College of Agronomy, Gansu Agricultural University, Lanzhou, Gansu, China.
School of Agriculture, Middle Tennessee State University, Murfreesboro, Tennessee, United States of America.
PLoS Comput Biol. 2019 Aug 12;15(8):e1007264. doi: 10.1371/journal.pcbi.1007264. eCollection 2019 Aug.

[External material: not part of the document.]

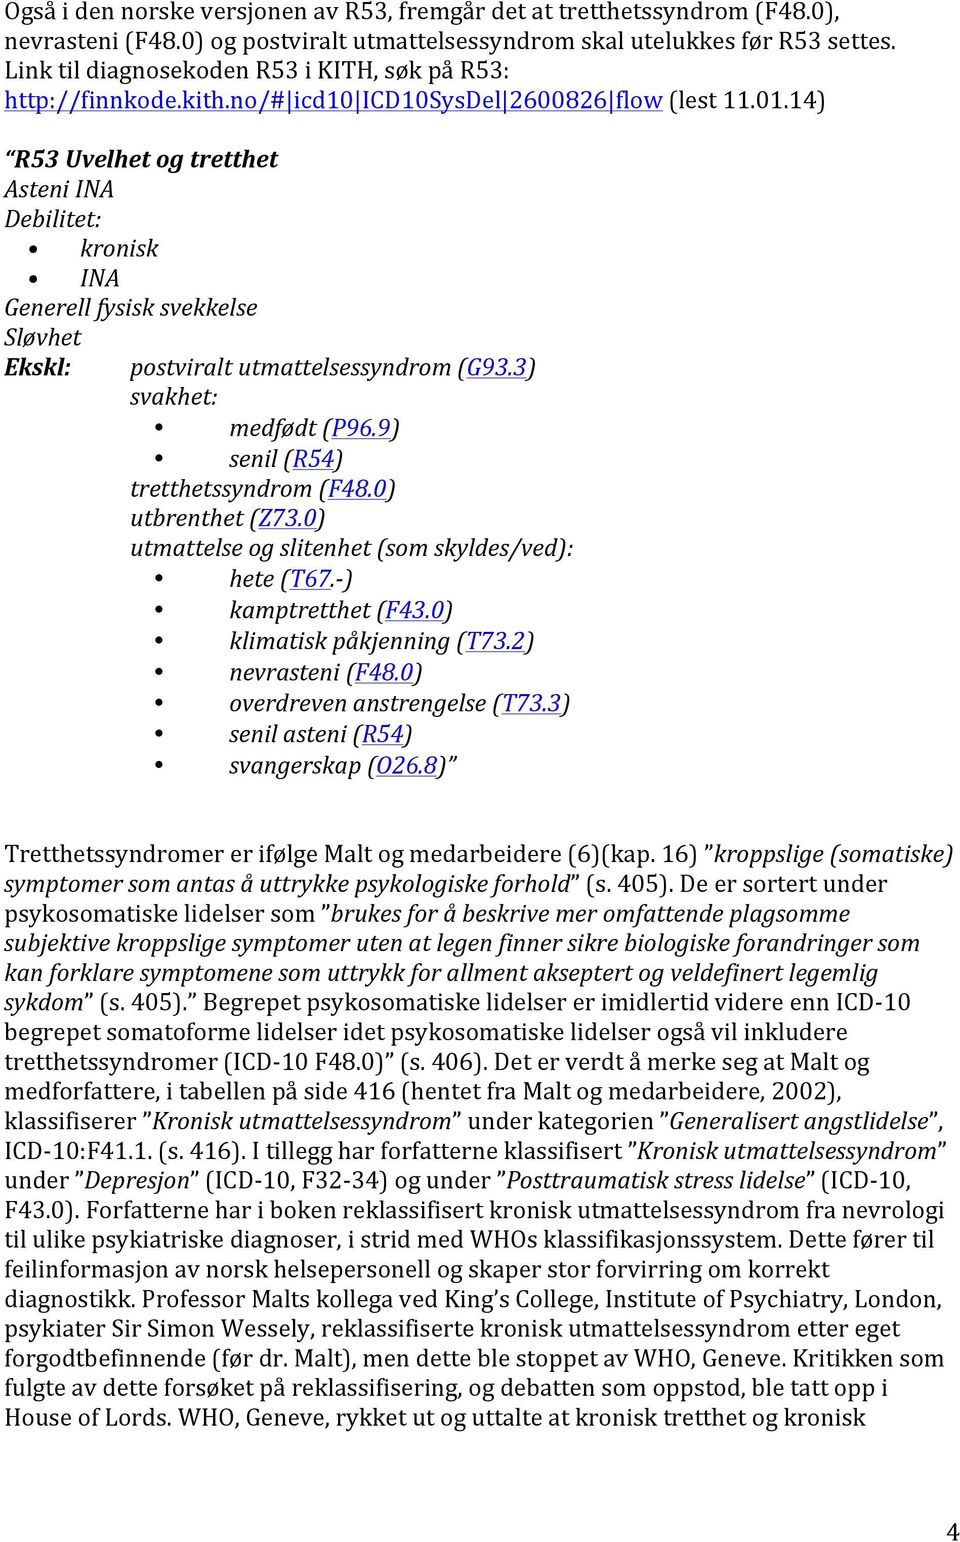 14) R53 Uvelhet og tretthet Asteni INA Debilitet: kronisk INA Generell fysisk svekkelse Sløvhet Ekskl: postviralt utmattelsessyndrom (G93.3) svakhet: medfødt (P96.9) senil (R54) tretthetssyndrom (F48.

Accurately predicting and testing the types of Pulmonary arterial hypertension (PAH) of each patient using cost-effective microarray-based expression data and machine learning algorithms could greatly help either identifying the most targeting medicine or adopting other therapeutic measures that could correct/restore defective genetic signaling at the early stage. Furthermore, the prediction model construction processes can also help identifying highly informative genes controlling PAH, leading to enhanced understanding of the disease etiology and molecular pathways. In this study, we used several different gene filtering methods based on microarray expression data obtained from a high-quality patient PAH dataset. Following that, we proposed a novel feature selection and refinement algorithm in conjunction with well-known machine learning methods to identify a small set of highly informative genes. Results indicated that clusters of small-expression genes could be extremely informative at predicting and differentiating different forms of PAH. Additionally, our proposed novel feature refinement algorithm could lead to significant enhancement in model performance. To summarize, integrated with state-of-the-art machine learning and novel feature refining algorithms, the most accurate models could provide near-perfect classification accuracies using very few (close to ten) low-expression genes.
利用具有成本效益的基于微阵列的表达数据和机器学习算法准确预测和测试每位患者的肺动脉高压 (PAH) 类型,这将极大地帮助识别最靶向药物或采用其他治疗措施,从而在早期纠正/恢复有缺陷的遗传信号。此外,预测模型构建过程还可以帮助识别控制 PAH 的高信息量基因,从而增强对疾病病因和分子途径的理解。在这项研究中,我们使用了几种不同的基因过滤方法,这些方法基于从高质量患者 PAH 数据集获得的微阵列表达数据。之后,我们提出了一种新的特征选择和细化算法,结合了著名的机器学习方法,以识别一小组高信息量基因。结果表明,小表达基因簇在预测和区分不同形式的 PAH 方面极具信息量。此外,我们提出的新特征细化算法可以显著提高模型性能。总之,结合最先进的机器学习和新颖的特征细化算法,最准确的模型可以使用非常少的(接近十个)低表达基因提供近乎完美的分类准确率。